PROBLEM DESCRIPTION: Without the pictures, retype each line below exactly as it stands.

COLLECTED MATERIAL:
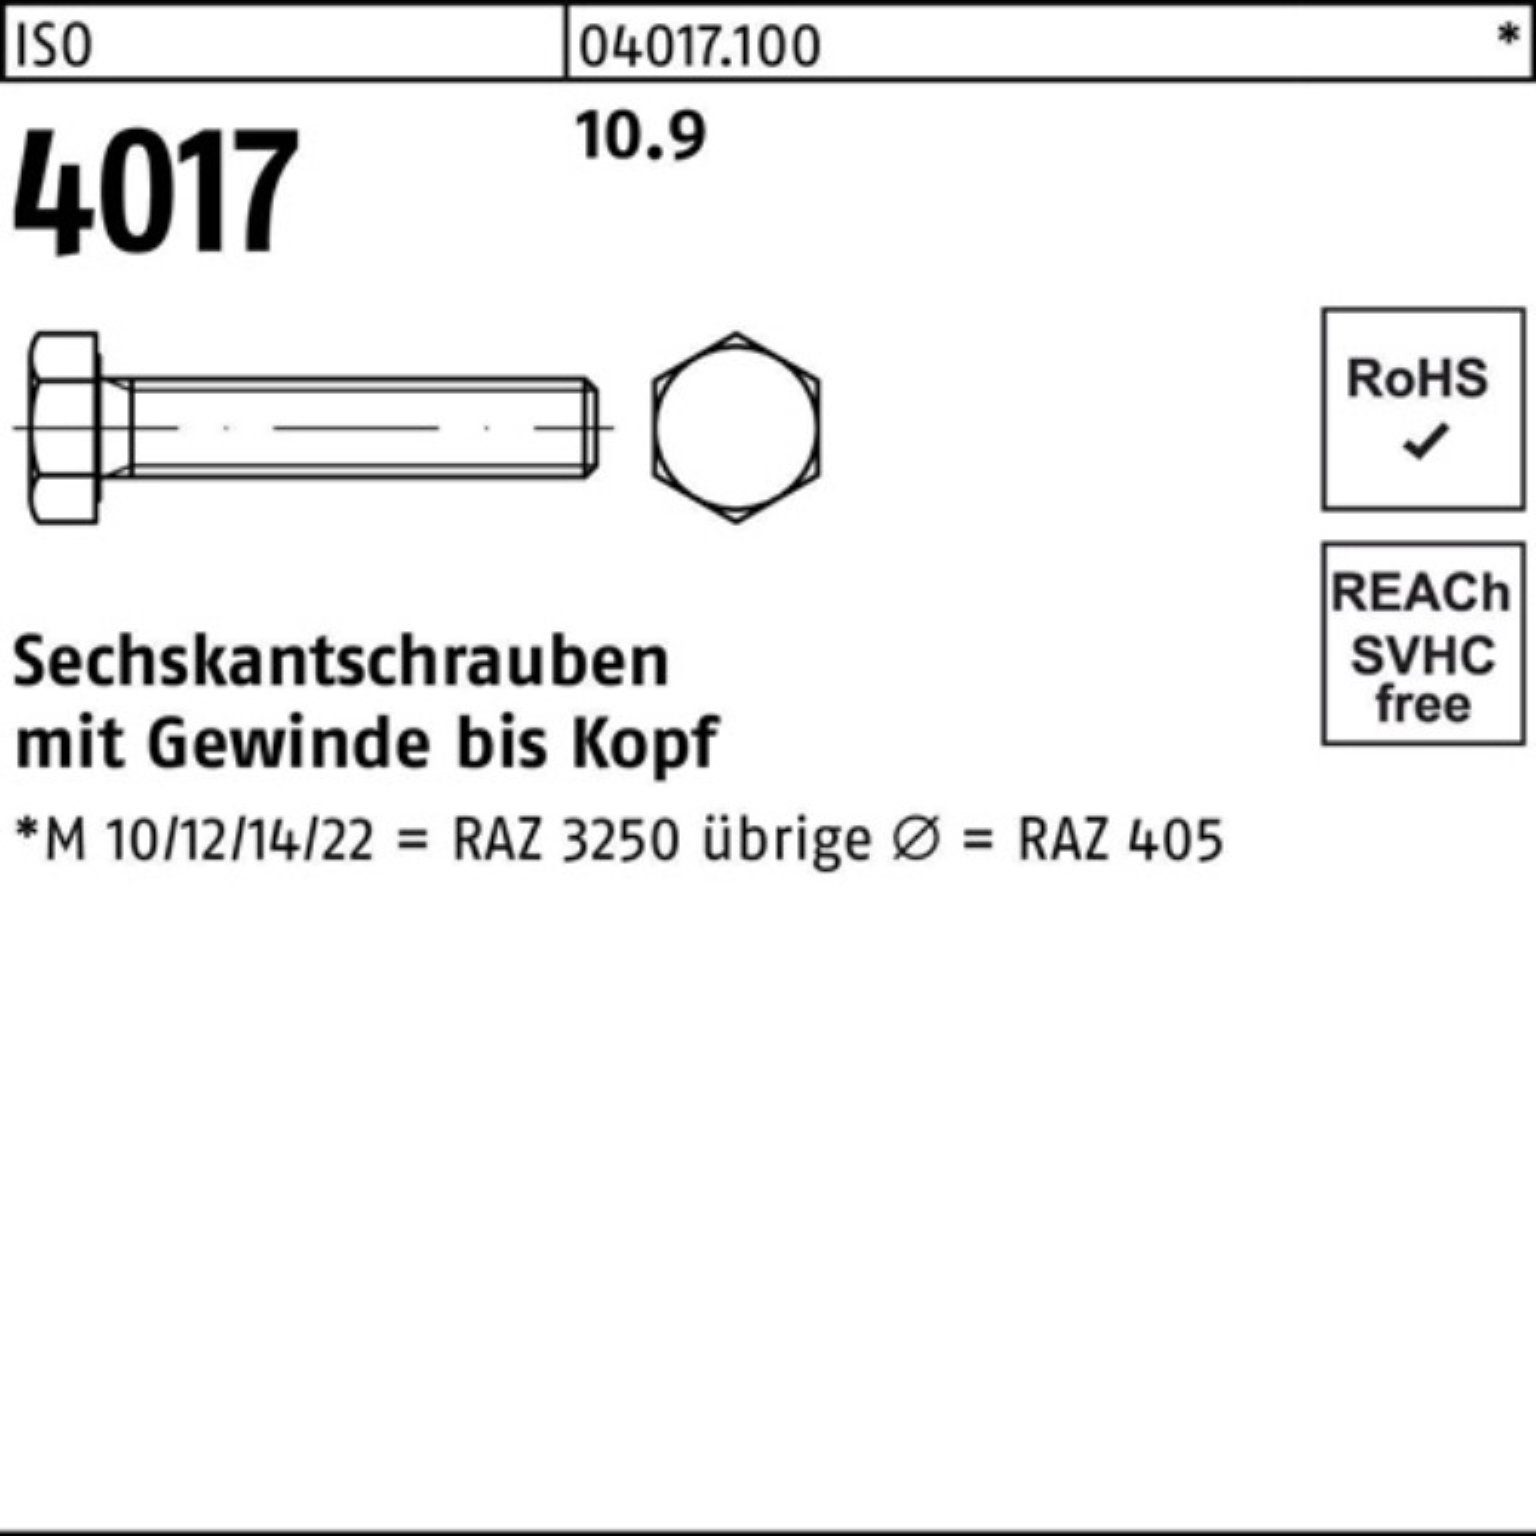 Pack 240 ISO Sechskantschraube Bufab M20x 40 VG 1 Stück 4017 10.9 100er ISO Sechskantschraube
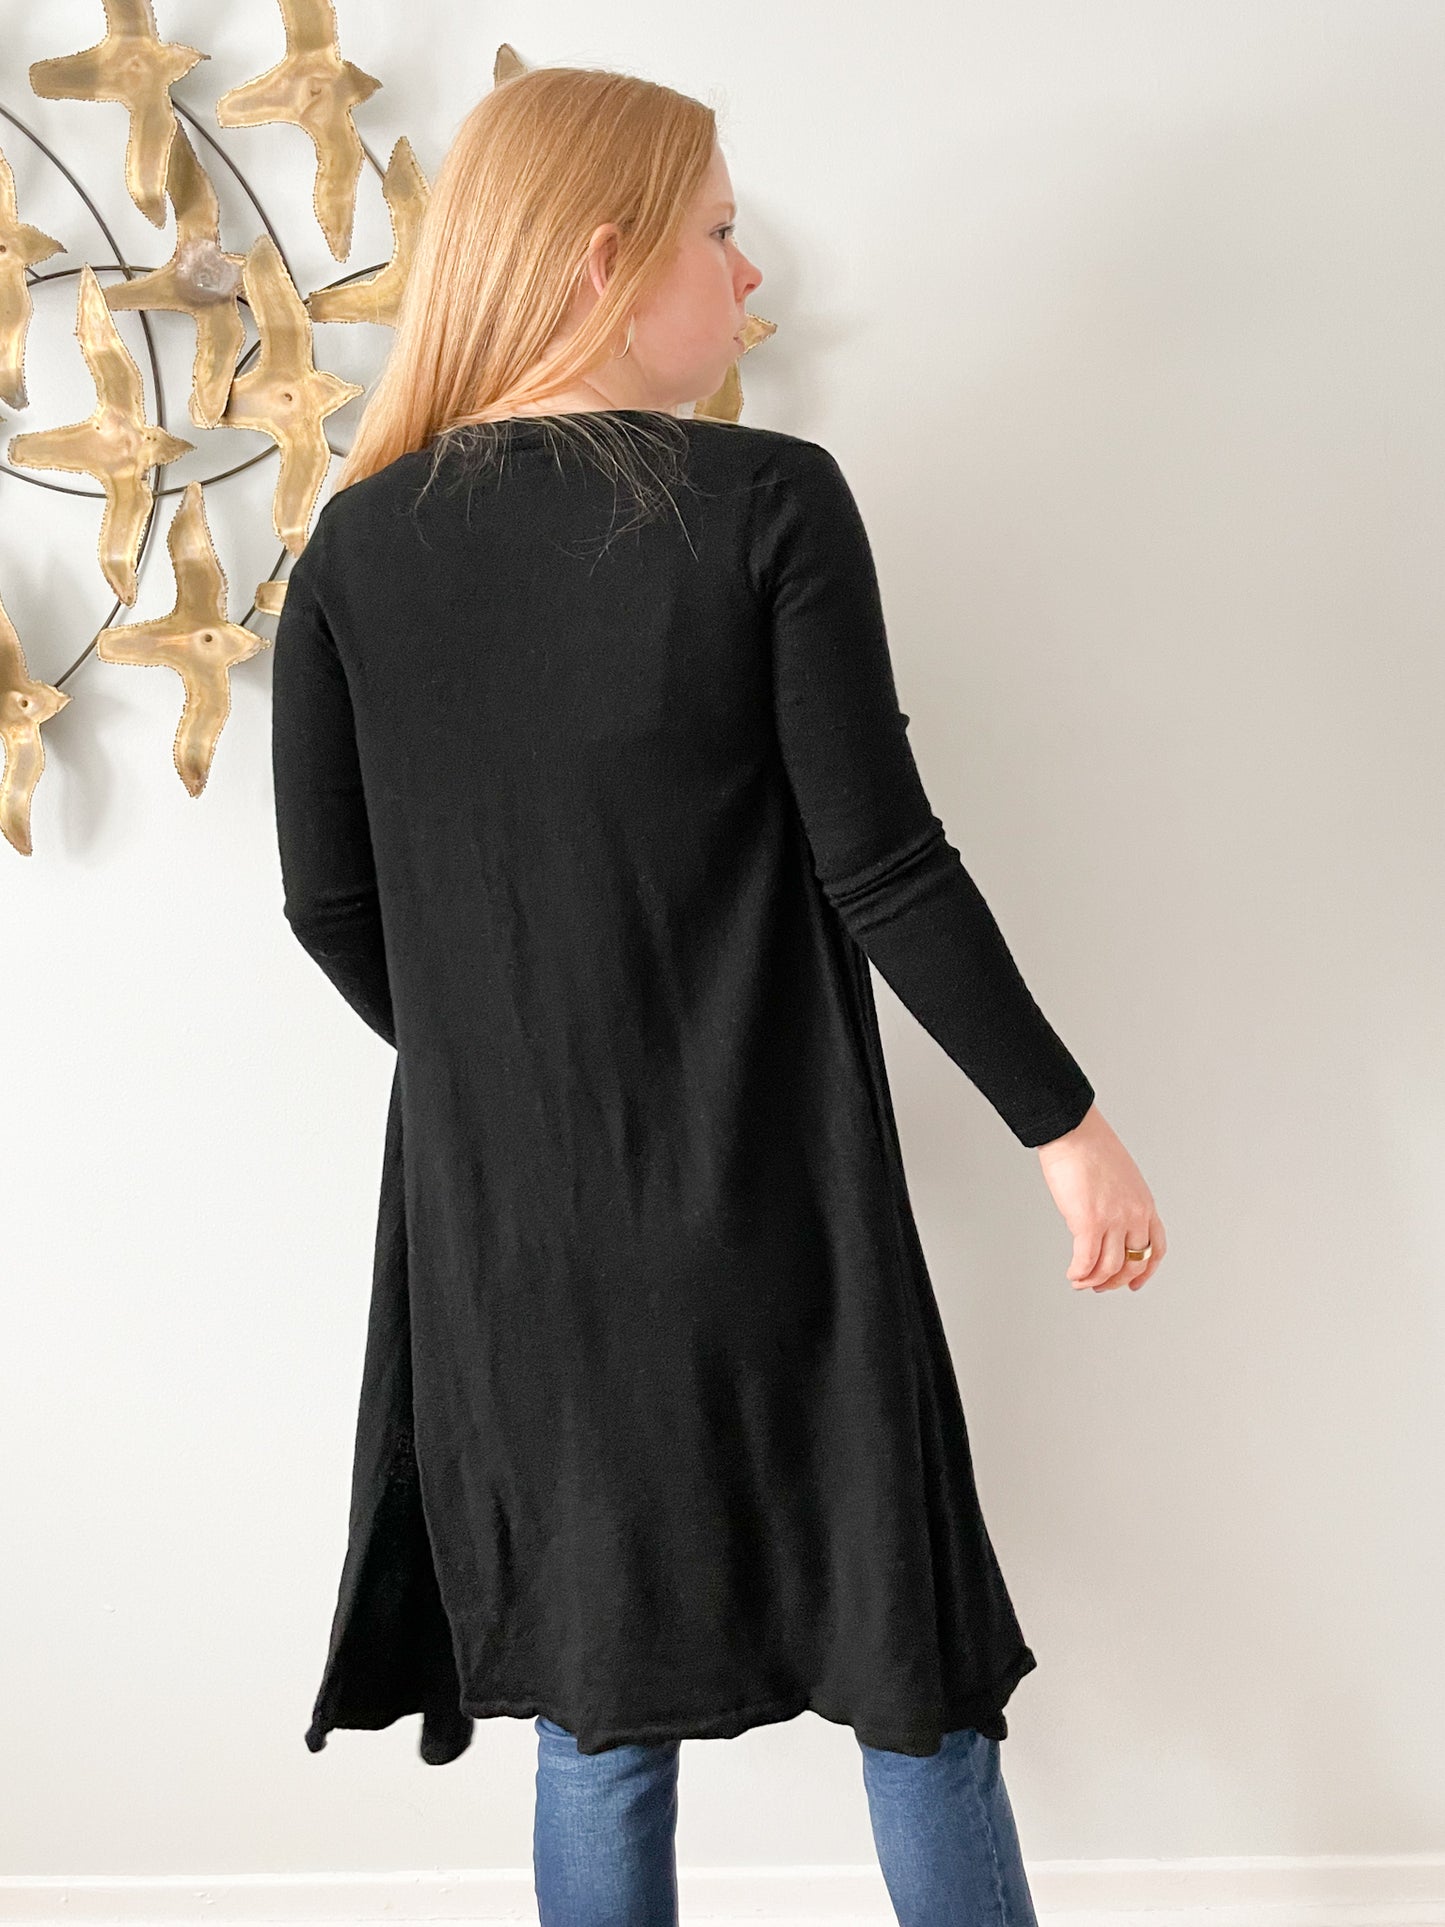 TAHARI Black 100% Extrafine Merino Wool Long Open Cardigan Sweater - S/M
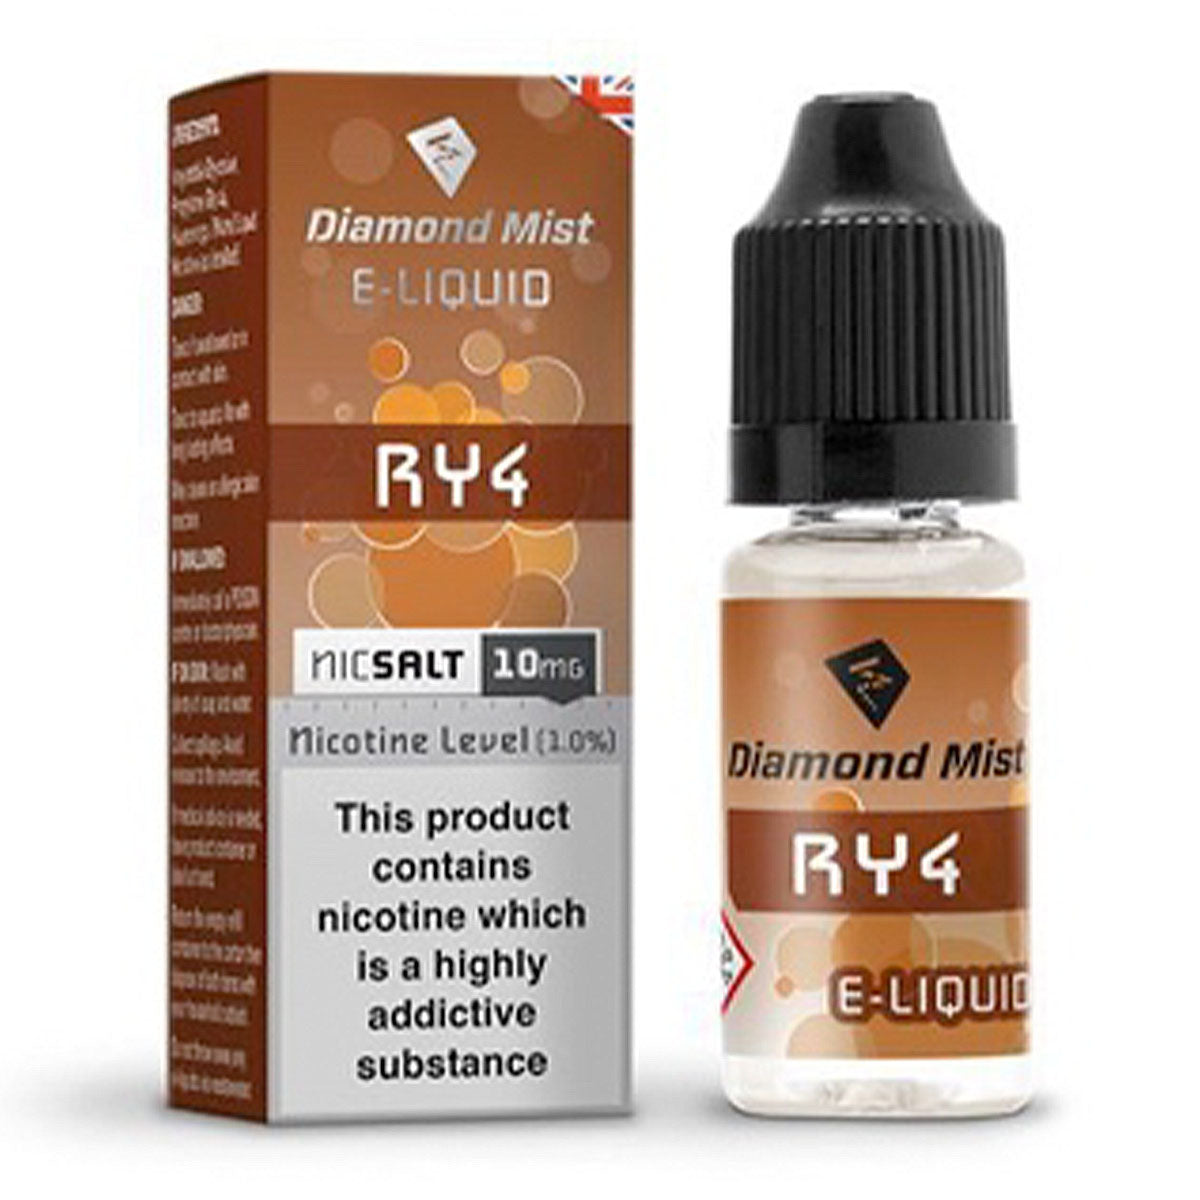 RY4 10ml Nicotine Salt by Diamond Mist
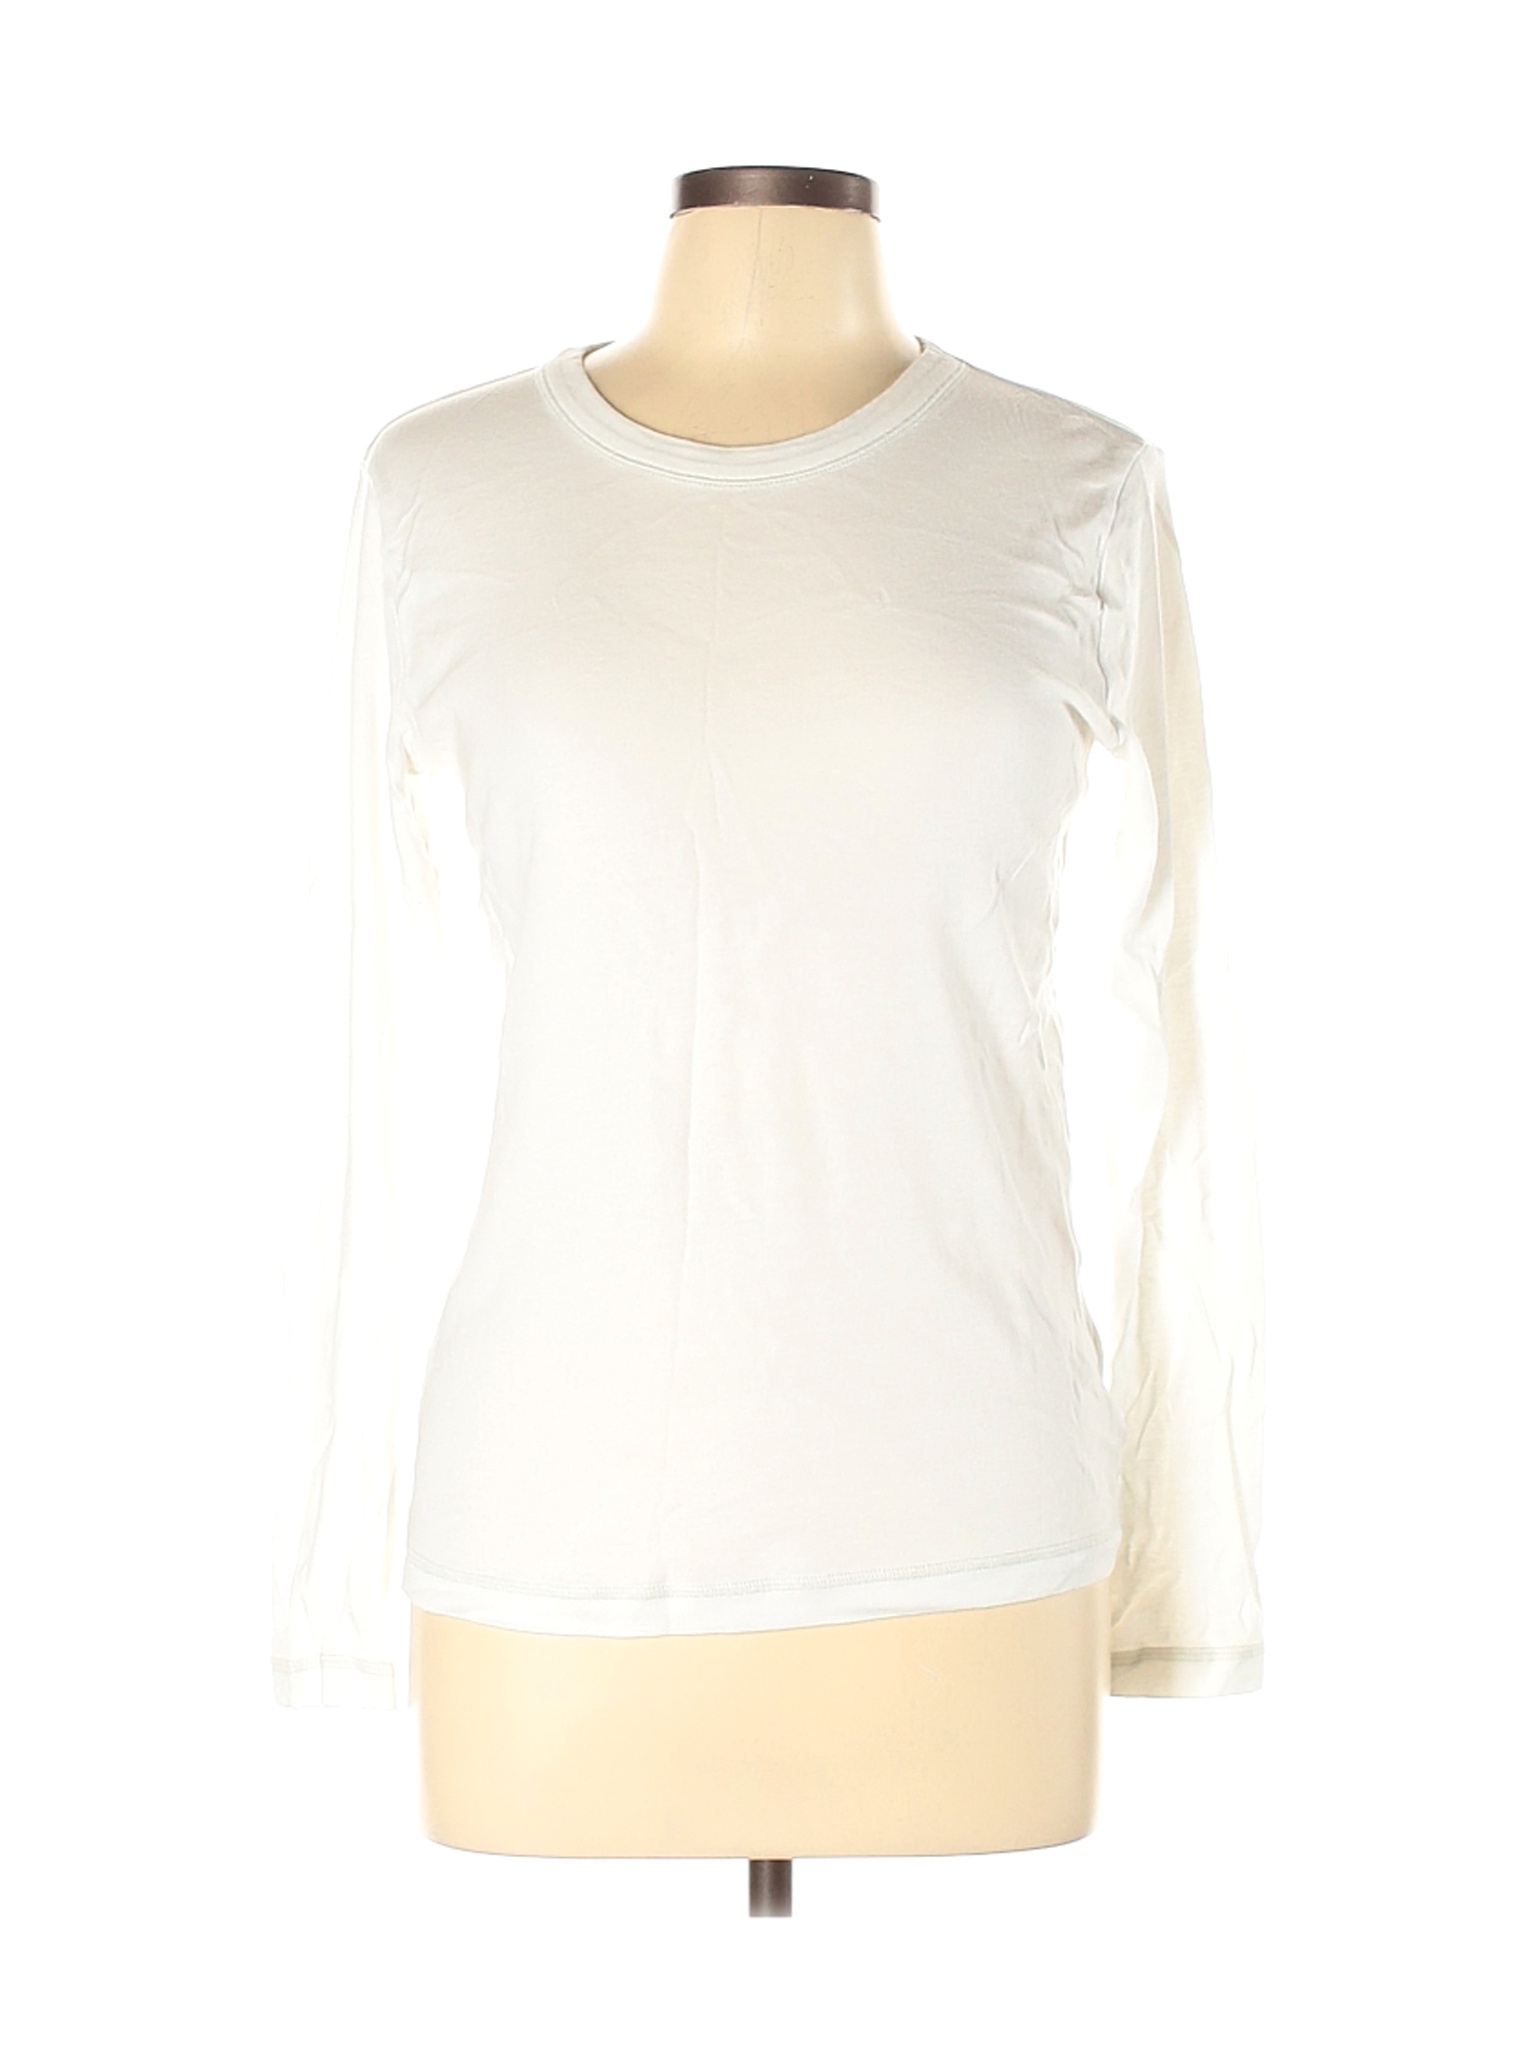 Gap Women White Long Sleeve T-Shirt L | eBay

FINAL ANSWER:
 Pack 240 ISO Sechskantschraube Bufab M20x 40 VG 1 Stück 4017 10.9 100er ISO Sechskantschraube
 TAHARI Black 100% Extrafine Merino Wool Long Open Cardigan Sweater - S/M
 RY4 10ml Nicotine Salt by Diamond Mist
 Gap Women White Long Sleeve T-Shirt L | eBay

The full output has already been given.